If I hire a doctor, make payment conditional on me being cured, and make him pay me if I’m not cured, then a real doctor whose treatments work less than 100% of the time might decide to pass.

I think you could solve this problem by subsidizing a prediction market at 25% chance of recovery, and letting doctors bet on other odds. This would still have some problems - if someone saw a famous doctor betting, they could bet too, and “steal” some of the “winnings” from the doctor - but it seems to be kind of the right idea.

(could a doctor short the market, then kill you? Yes, but you could just not hire any doctor you saw shorting the market)

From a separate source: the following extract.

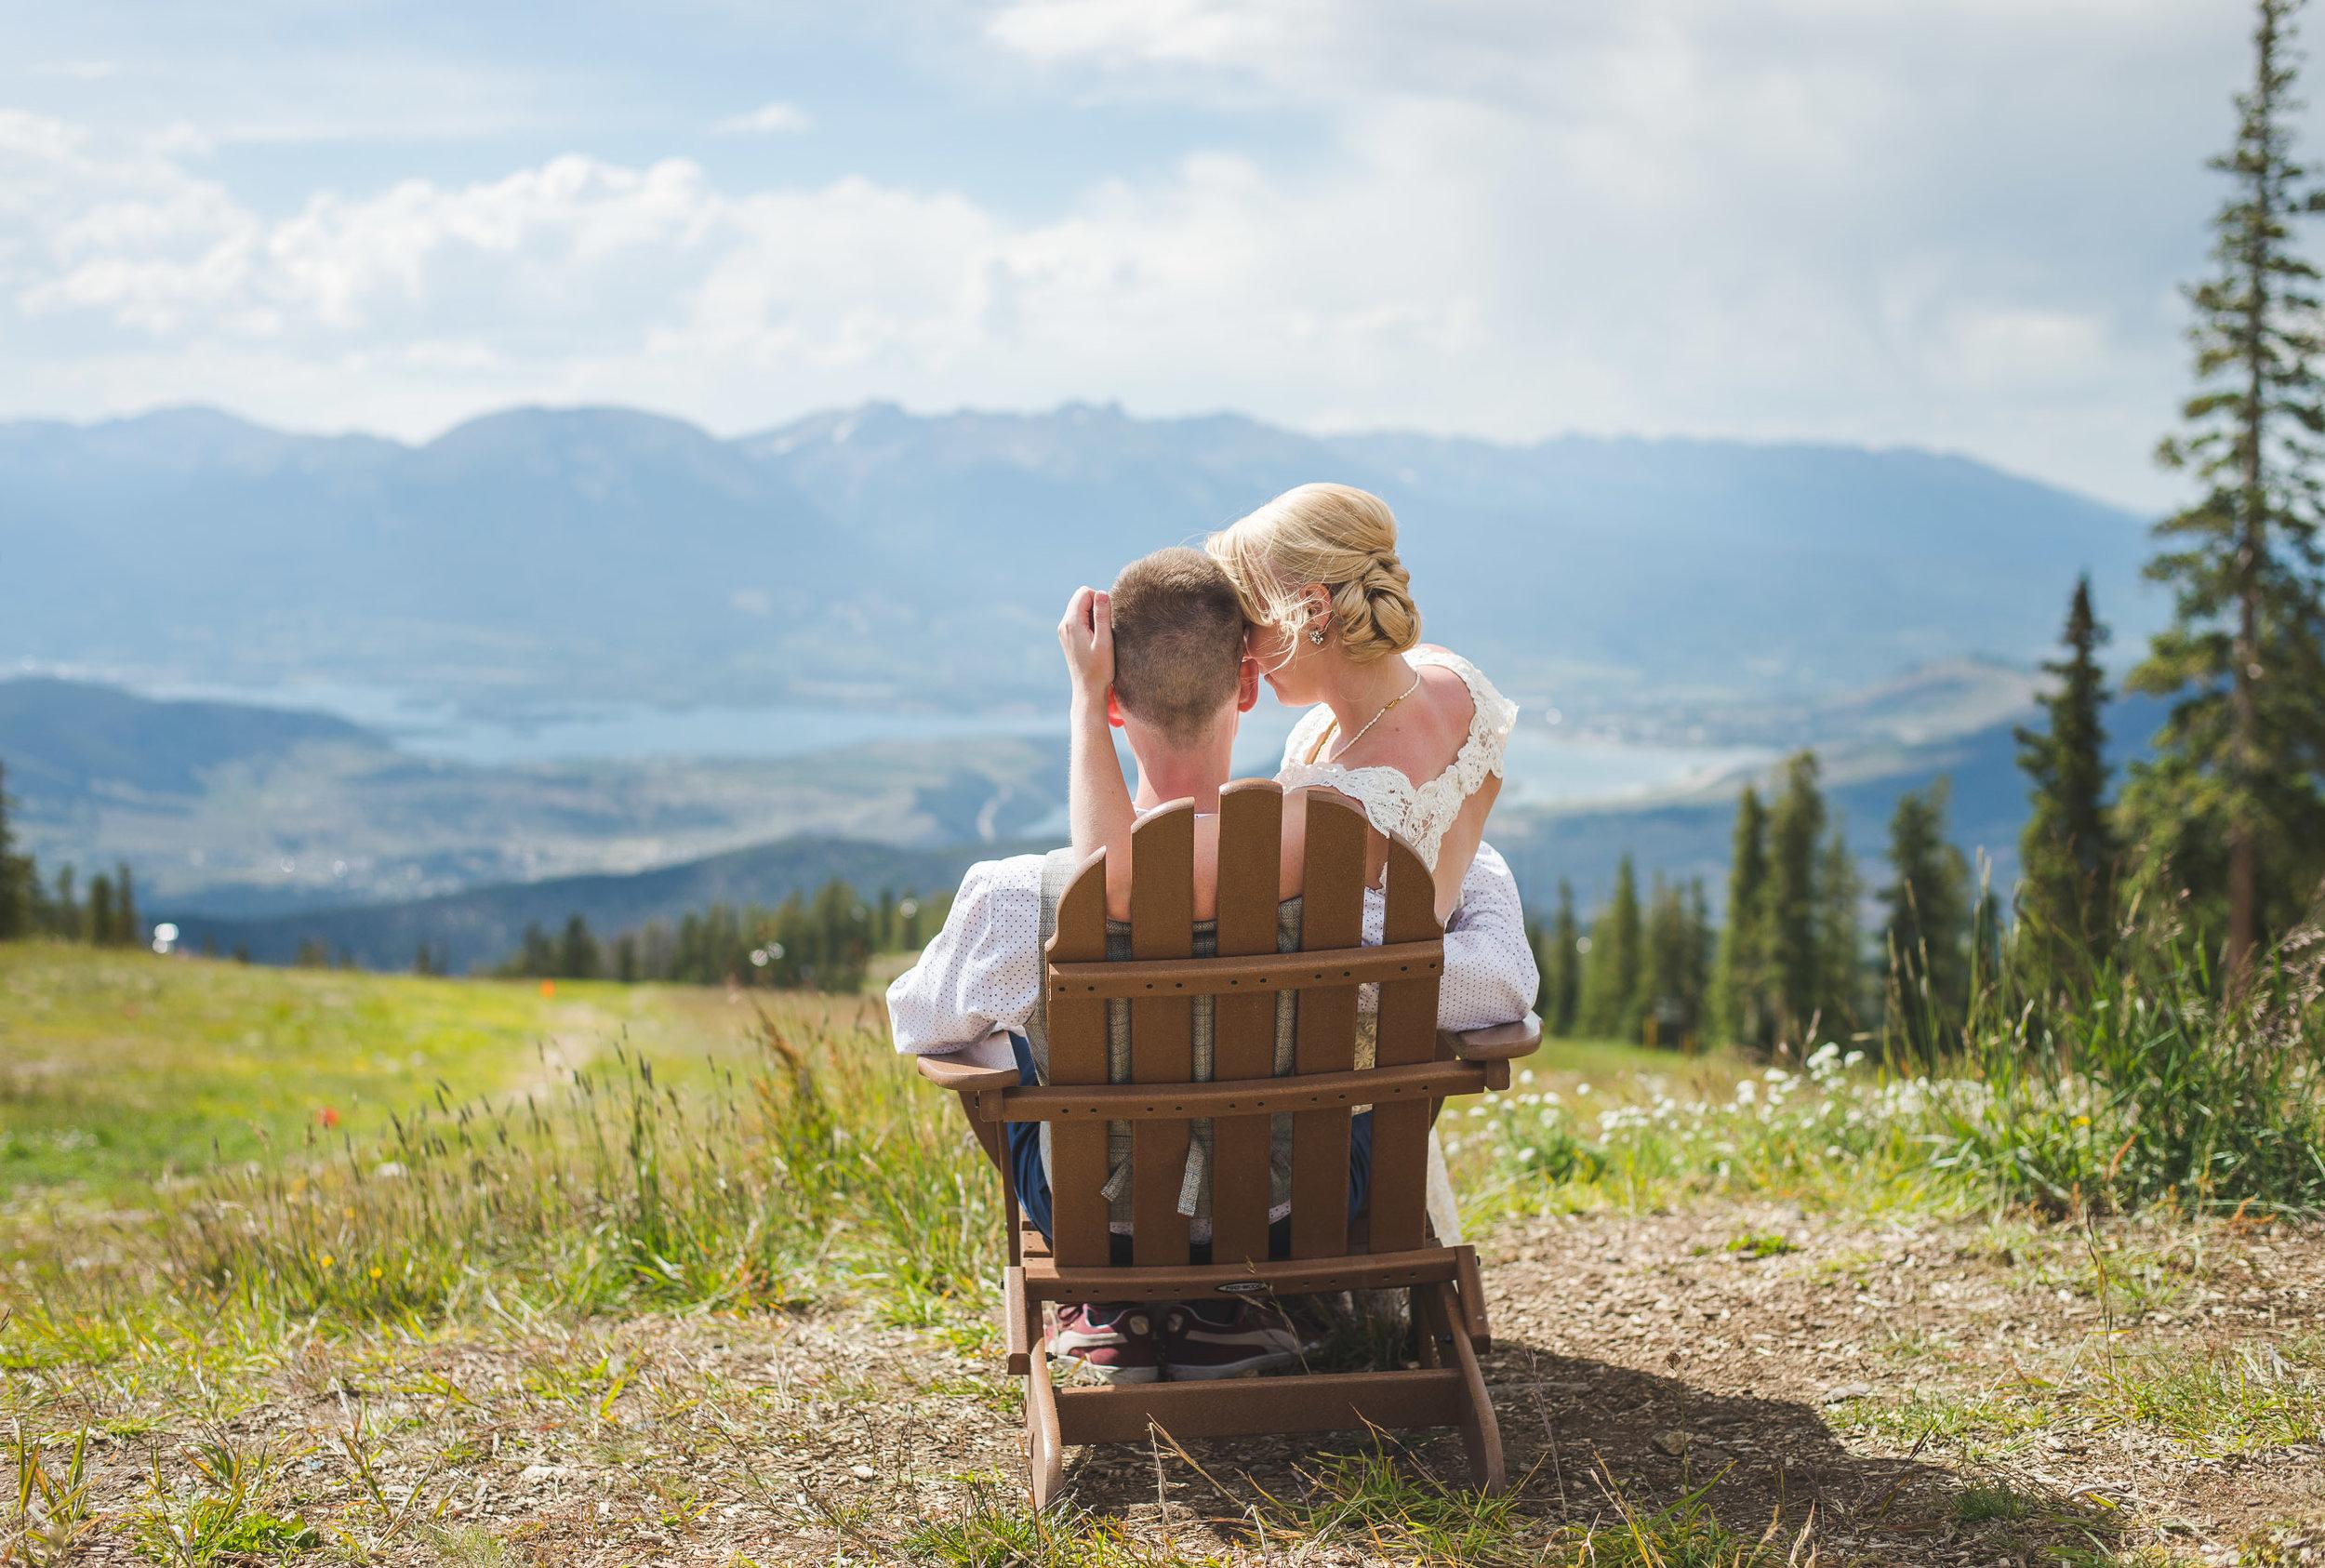 keystone bride and groom | summer wedding on schoolmarm in keystone, colorado | keeping composure photography

On this List Of Fictional Cryptocurrencies, I wrote about ConTracked:

ConTracked: A proposed replacement for government contracting. For example, the state might issue a billion ConTracked tokens which have a base value of zero unless a decentralized court agrees that a bridge meeting certain specifications has been built over a certain river, in which case their value goes to $1 each. The state auctions its tokens to the highest bidder, presumably a bridge-building company. If the company builds the bridge, their tokens are worth $1 billion and they probably make a nice profit; if not, they might resell the tokens (at a heavily discounted price) to some other bridge-building company. If nobody builds the bridge, the government makes a tidy profit off the token sale and tries again. The goal is that instead of the government having to decide on a contractor (and probably get ripped off), it can let the market decide and put the risk entirely on the buyer.

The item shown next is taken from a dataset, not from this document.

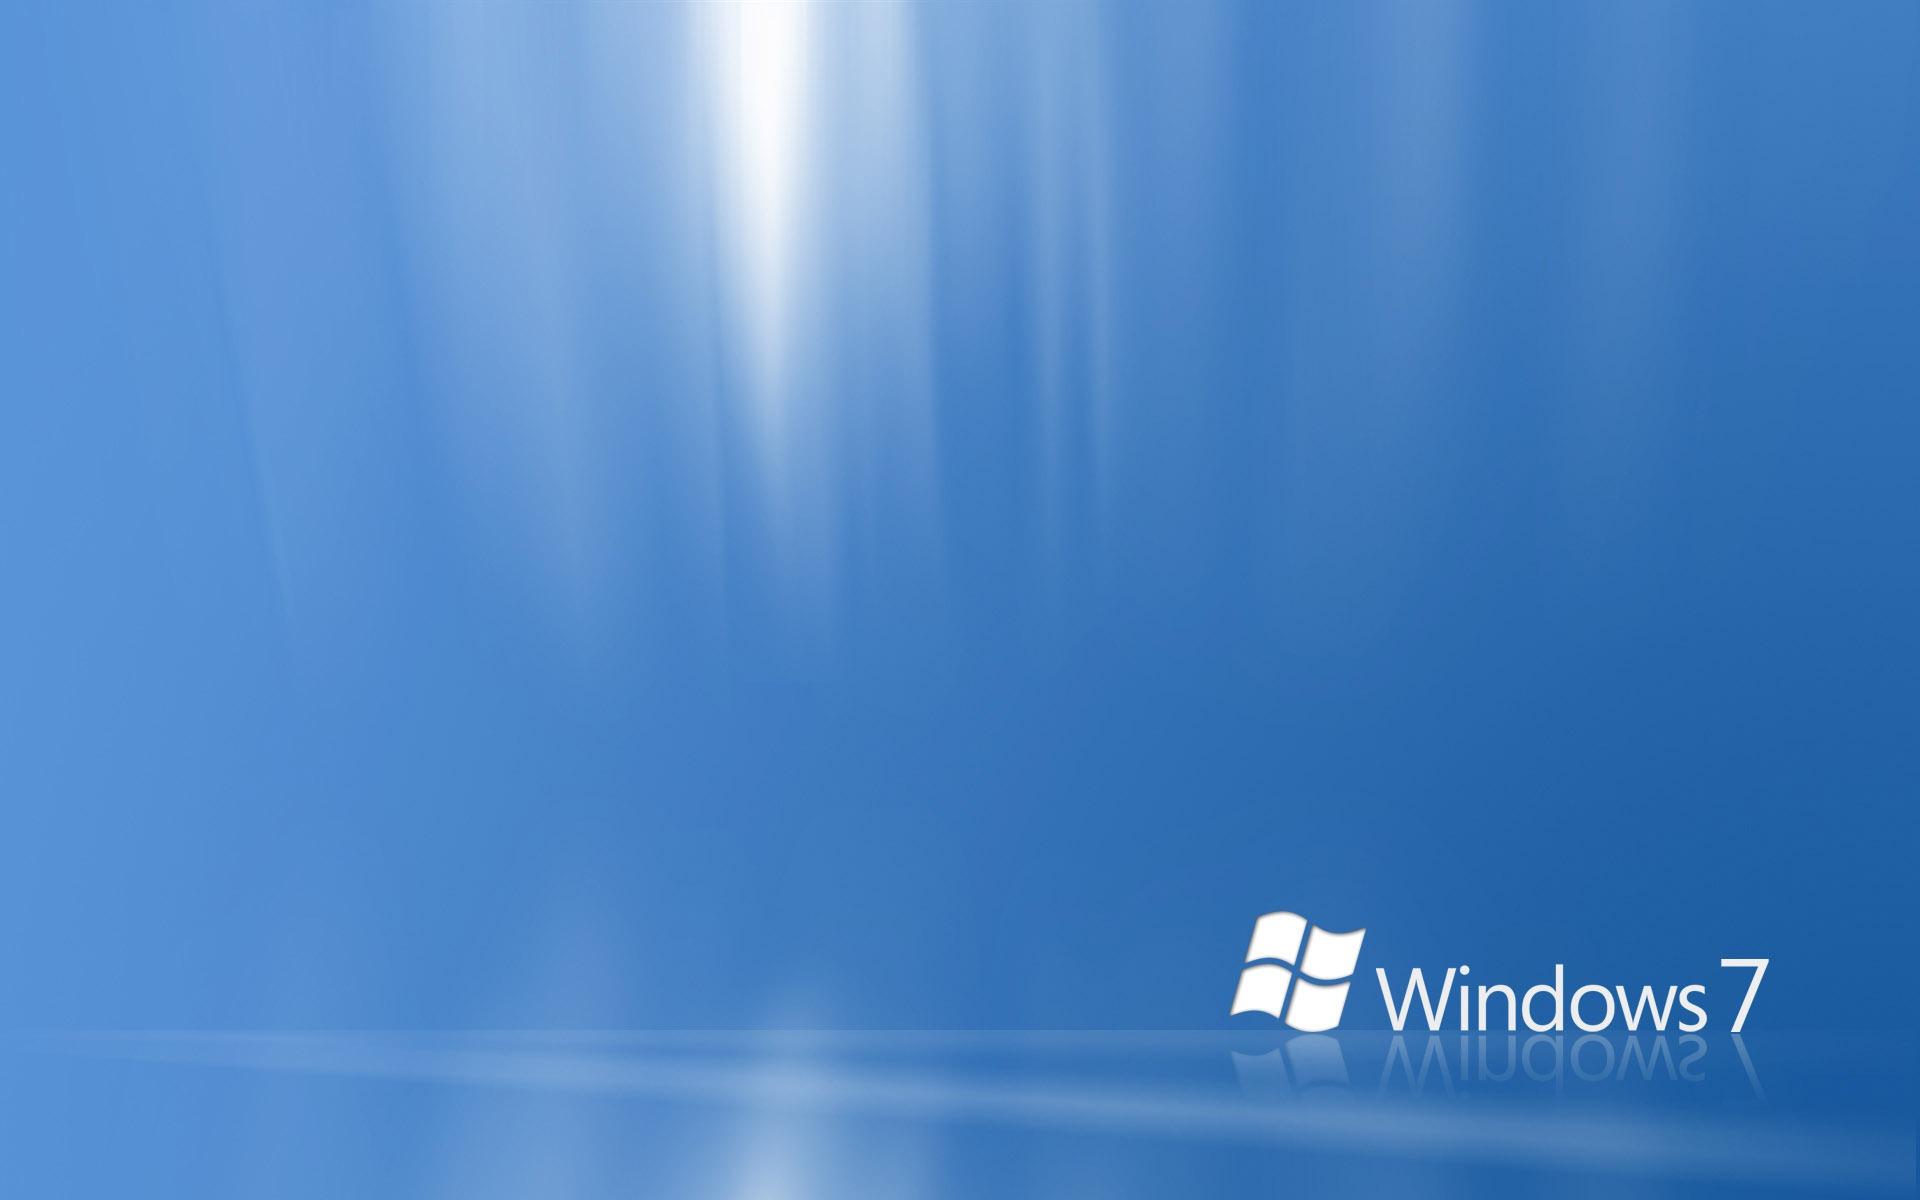 Windows7のテーマの壁紙 2 23 19x10 壁紙ダウンロード Windows7のテーマの壁紙 2 システム 壁紙 V3の壁紙

Banned because Wall Street developed a financial instrument that let them short ConTrackeds, then tried really hard to prevent bridges from being built.

Commenters brought up that you get weird incentives as soon as more than one person owns ConTrackeds, which I agree with. I’m still not sure there are clear real-world uses for action markets.

But they’re still fun to think about. In particular, “every prediction market is also an action market, and vice versa” is a useful law to keep in mind. Different prediction markets “leak” into being action markets at a different rate: one about when a distant star will supernova is 100% prediction; one about when a President will die is 99% prediction; one about when the forecasters’ backyard will be cleaned is maybe 80% action.

This idea comes up in some weird places. I’ve seen it in AI safety: AIs that you “only” ask to predict an event for you aren’t necessarily safe, partly because one easy way to predict an event is to cause it.

But my favorite example is from neuroscience. The “active inference” hypothesis - a leading theories of how brain motor centers work - says that the brain is entirely a predictive organ, but that the easiest way to predict your body position is to cause it. The brain registers a prediction of 100% that your arm will move, and then - in order to “win” its “bet” - moves your arm. “Every prediction market is also an action market”, indeed!